Your objective:
Return all the data exactly, keeping the pictures out.
---------- Recorded information
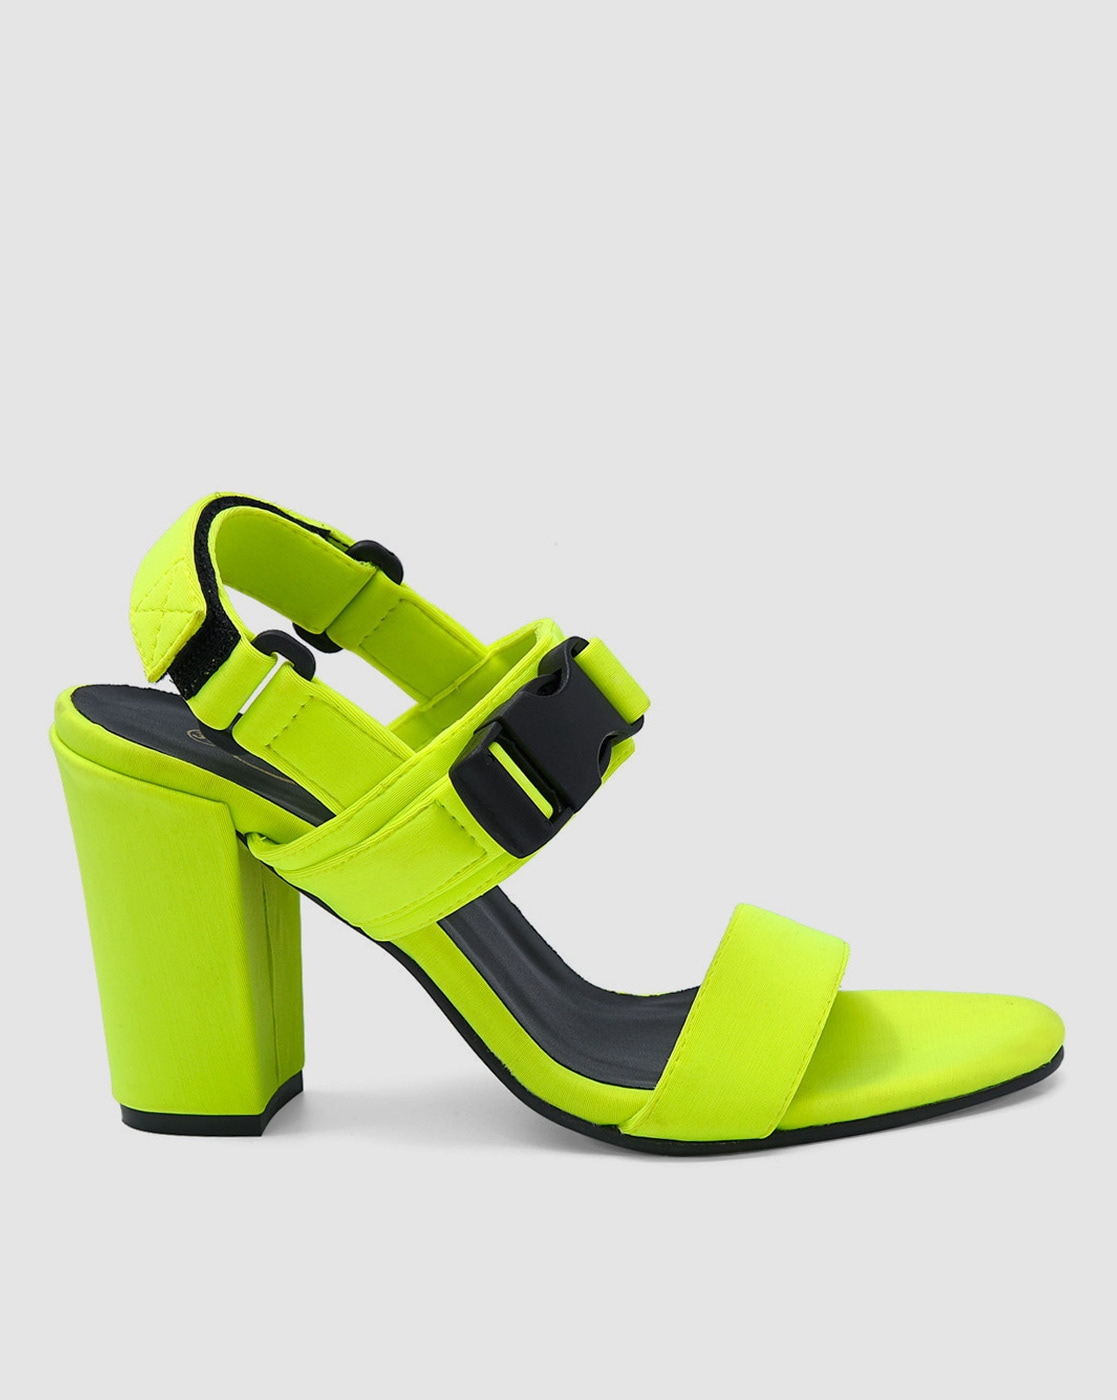 Buy EMERALD GREEN HEELS, Green Wedding Shoes, Mid Block Heels, Green Bridal  Shoes, Forest Green Shoes, Velvet Wedding Heels Online in India - Etsy
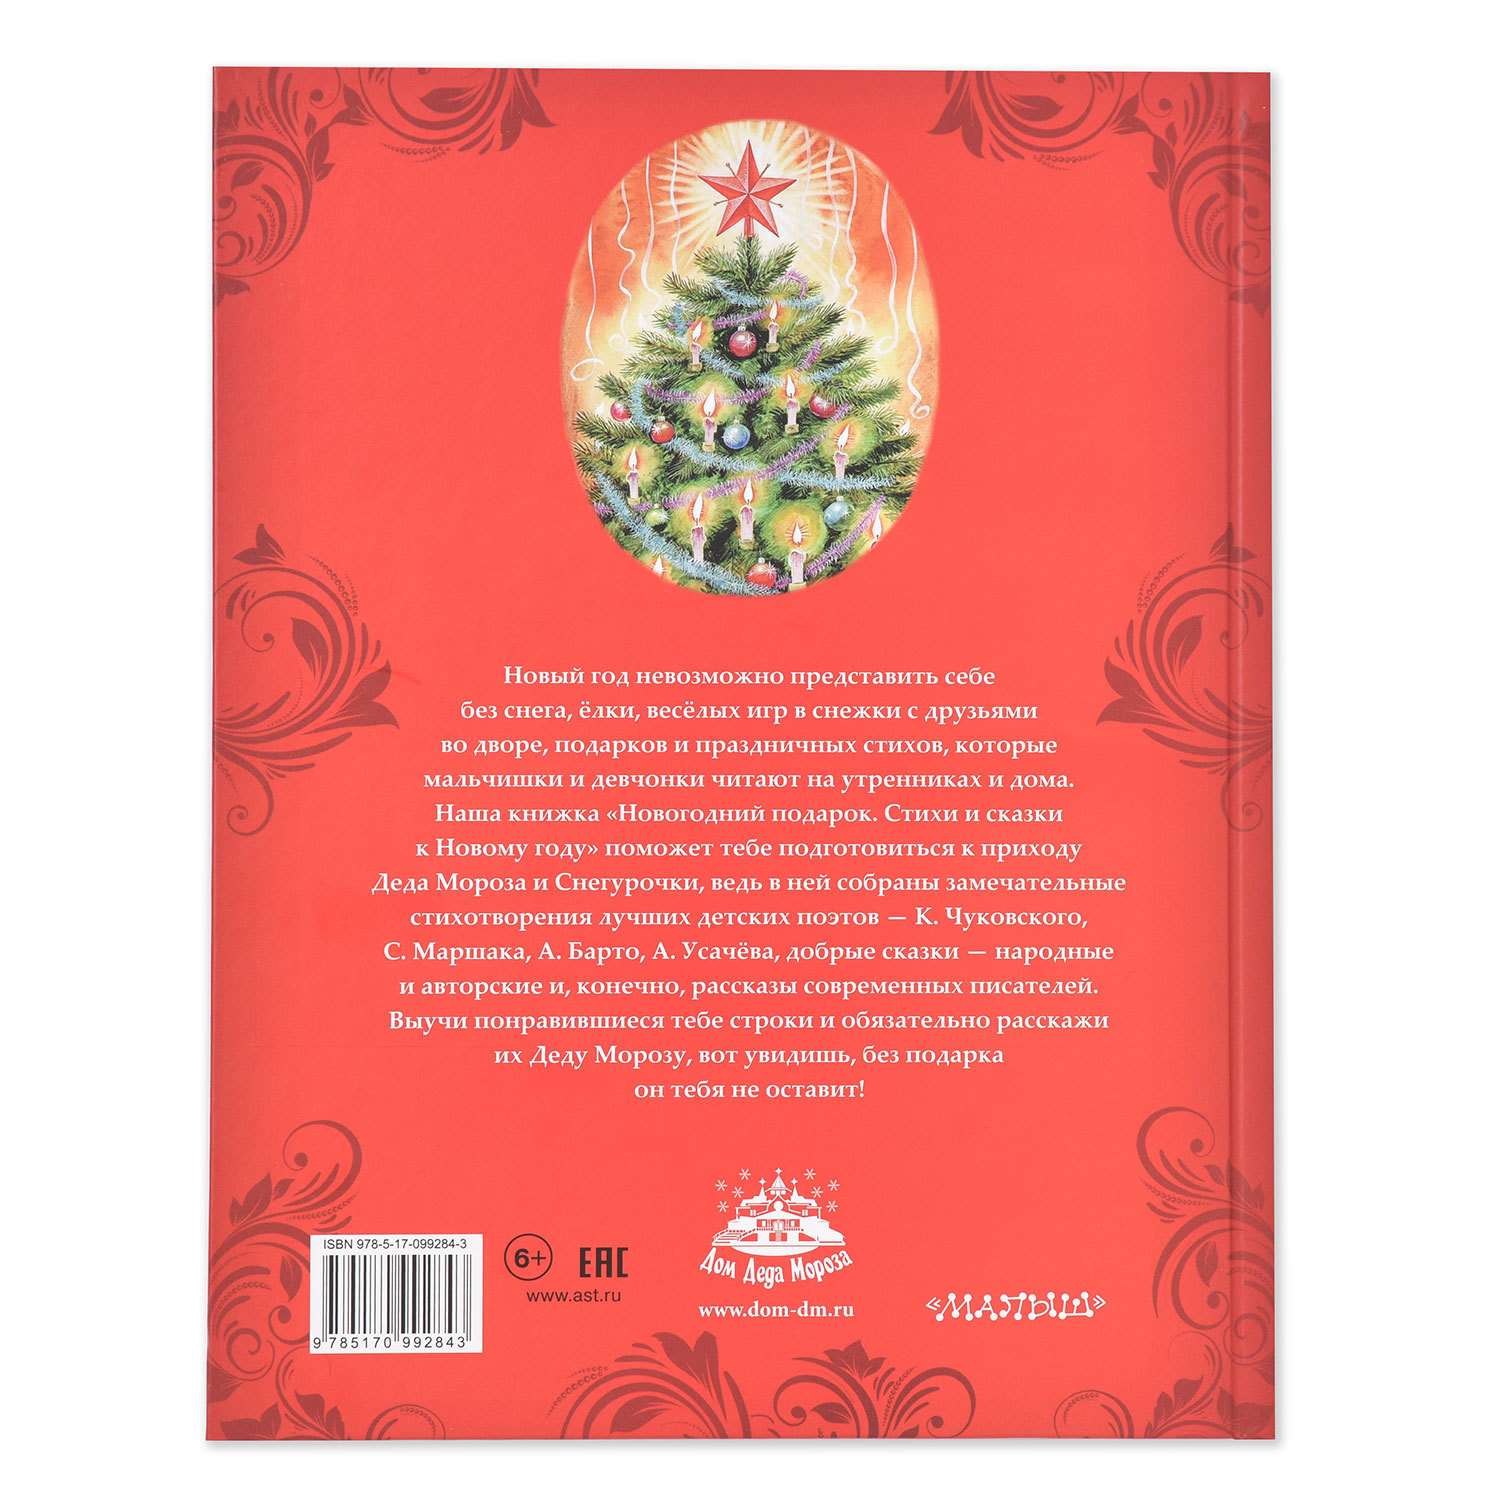 Книга АСТ Новогодний подарок Стихи и сказки к Новому году - фото 4
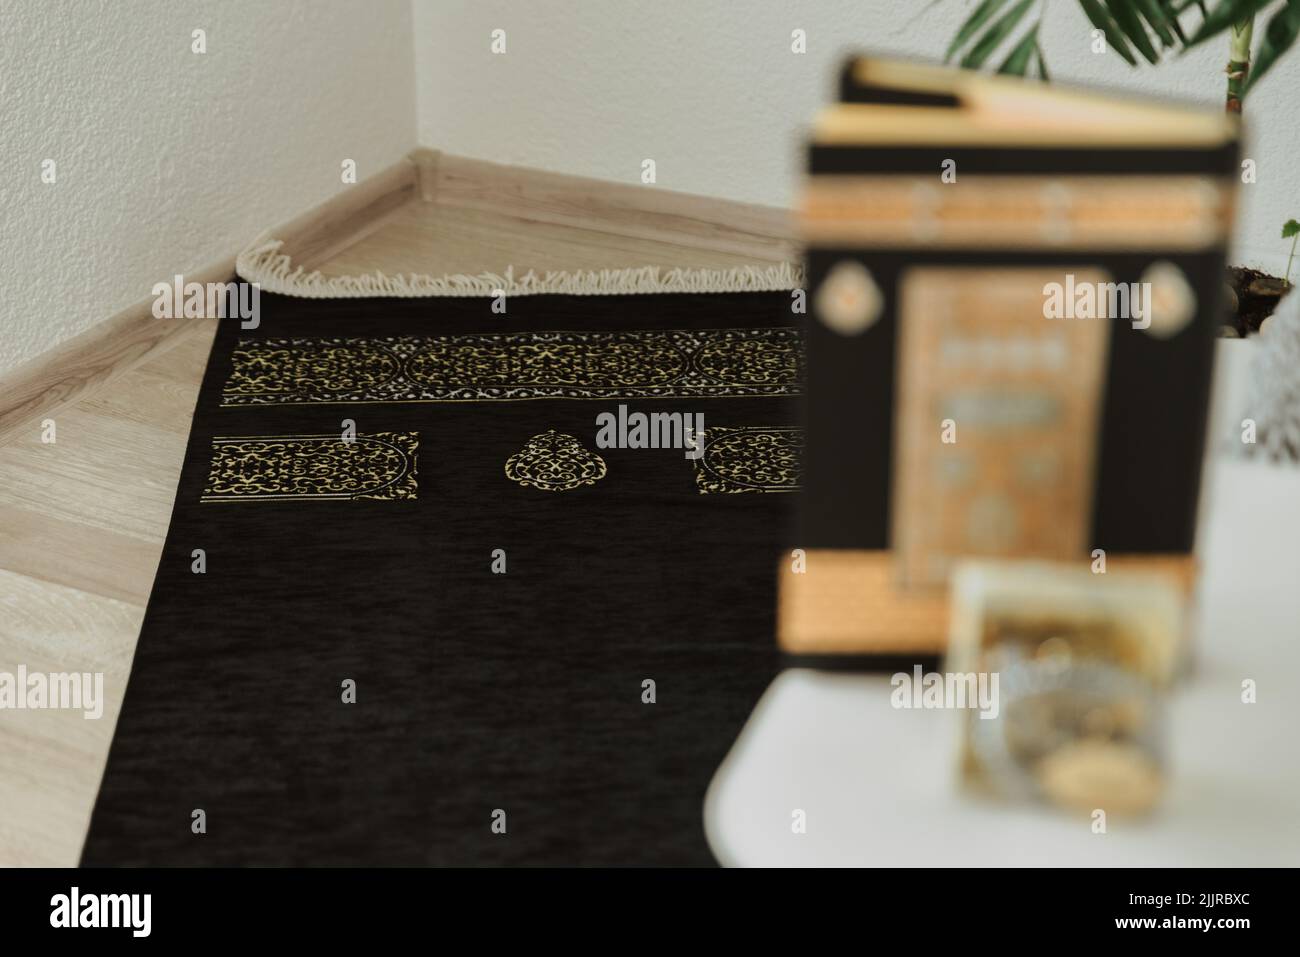 La preghiera set-tappeto nero e velluto nero Quran, decorato con modello Kaaba, e rosario fatto di perle con l'iscrizione Ramadan Kareem Foto Stock
--------------------
Response:
 Buy EMERALD GREEN HEELS, Green Wedding Shoes, Mid Block Heels, Green Bridal  Shoes, Forest Green Shoes, Velvet Wedding Heels Online in India - Etsy
 Книга АСТ Новогодний подарок Стихи и сказки к Новому году - фото 4
 La preghiera set-tappeto nero e velluto nero Quran, decorato con modello Kaaba, e rosario fatto di perle con l'iscrizione Ramadan Kareem Foto Stock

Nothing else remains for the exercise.